[Records supplied]:
◆ ◆ ◆ ◆ ◆

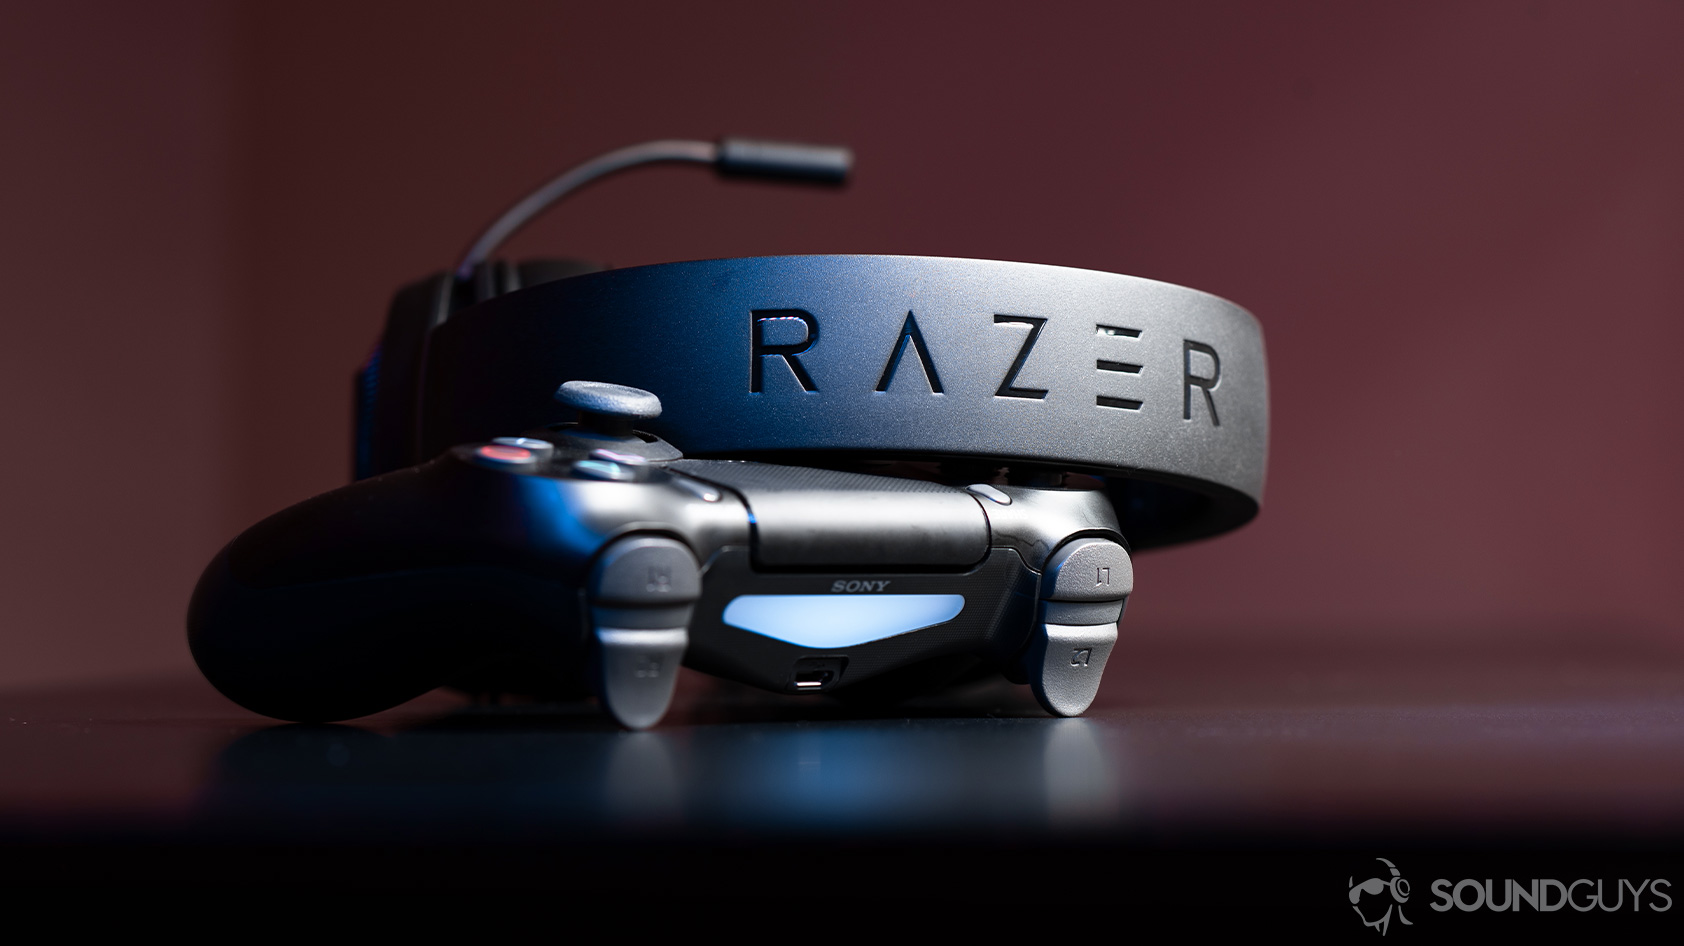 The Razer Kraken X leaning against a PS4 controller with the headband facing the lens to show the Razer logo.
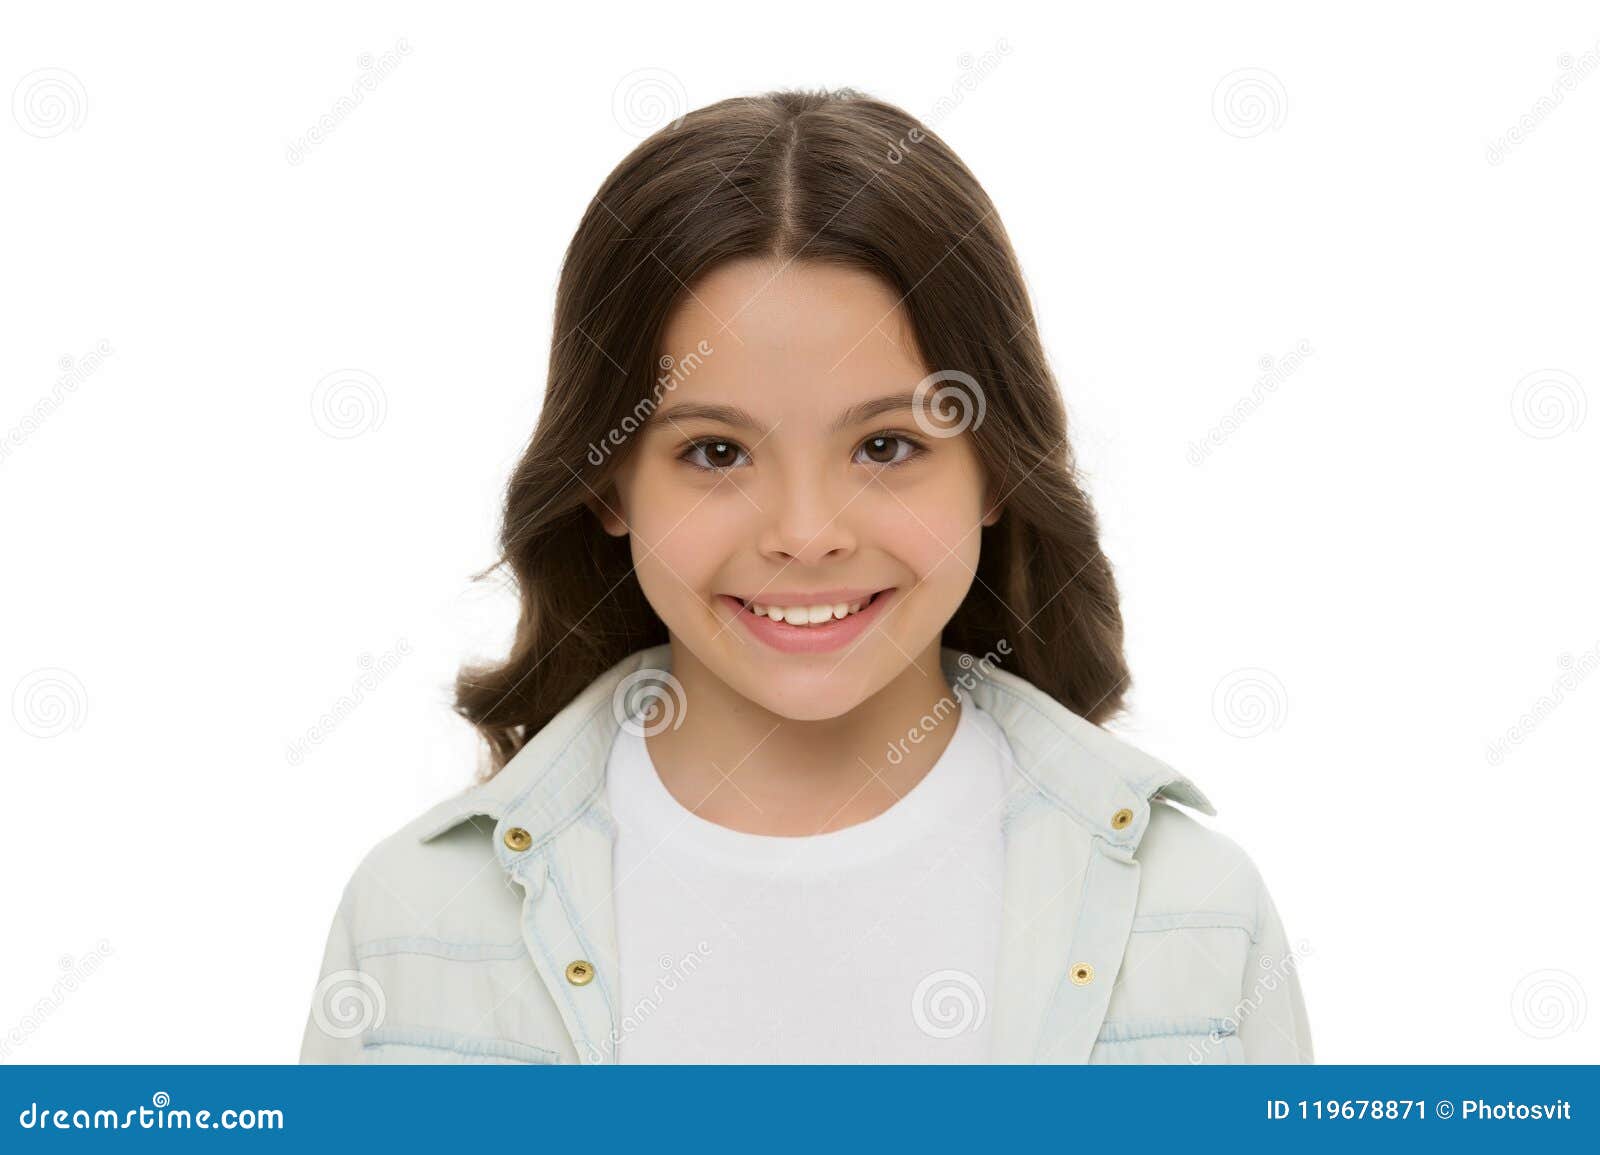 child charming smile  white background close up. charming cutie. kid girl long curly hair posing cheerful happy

◆ ◆ ◆ ◆ ◆

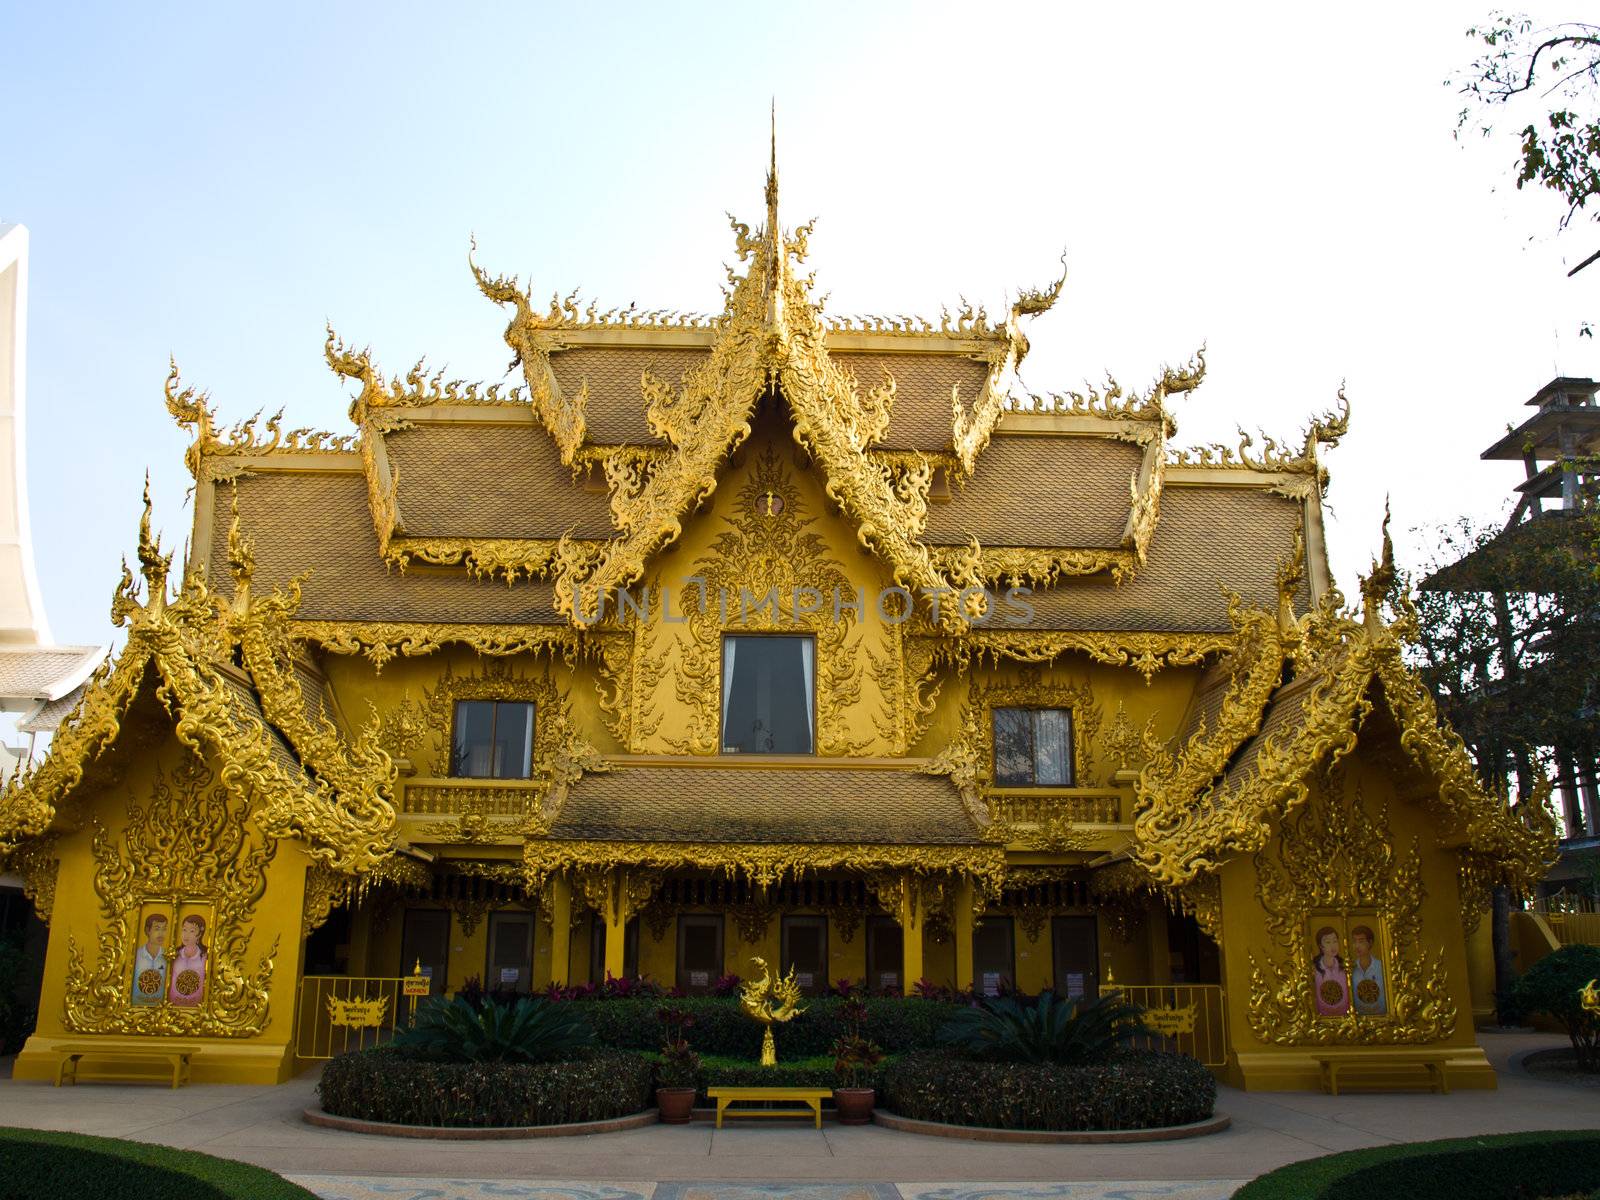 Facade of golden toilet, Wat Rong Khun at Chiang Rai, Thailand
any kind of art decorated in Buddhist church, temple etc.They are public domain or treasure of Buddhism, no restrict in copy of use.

◆ ◆ ◆ ◆ ◆

[About this task]: Output exactly those lines of the data above that run from the line with "The Razer Kraken" up to and including the line with "child charming smile". No pictures go in.

[Solution to this exercise]:
 The Razer Kraken X leaning against a PS4 controller with the headband facing the lens to show the Razer logo.
 child charming smile  white background close up. charming cutie. kid girl long curly hair posing cheerful happy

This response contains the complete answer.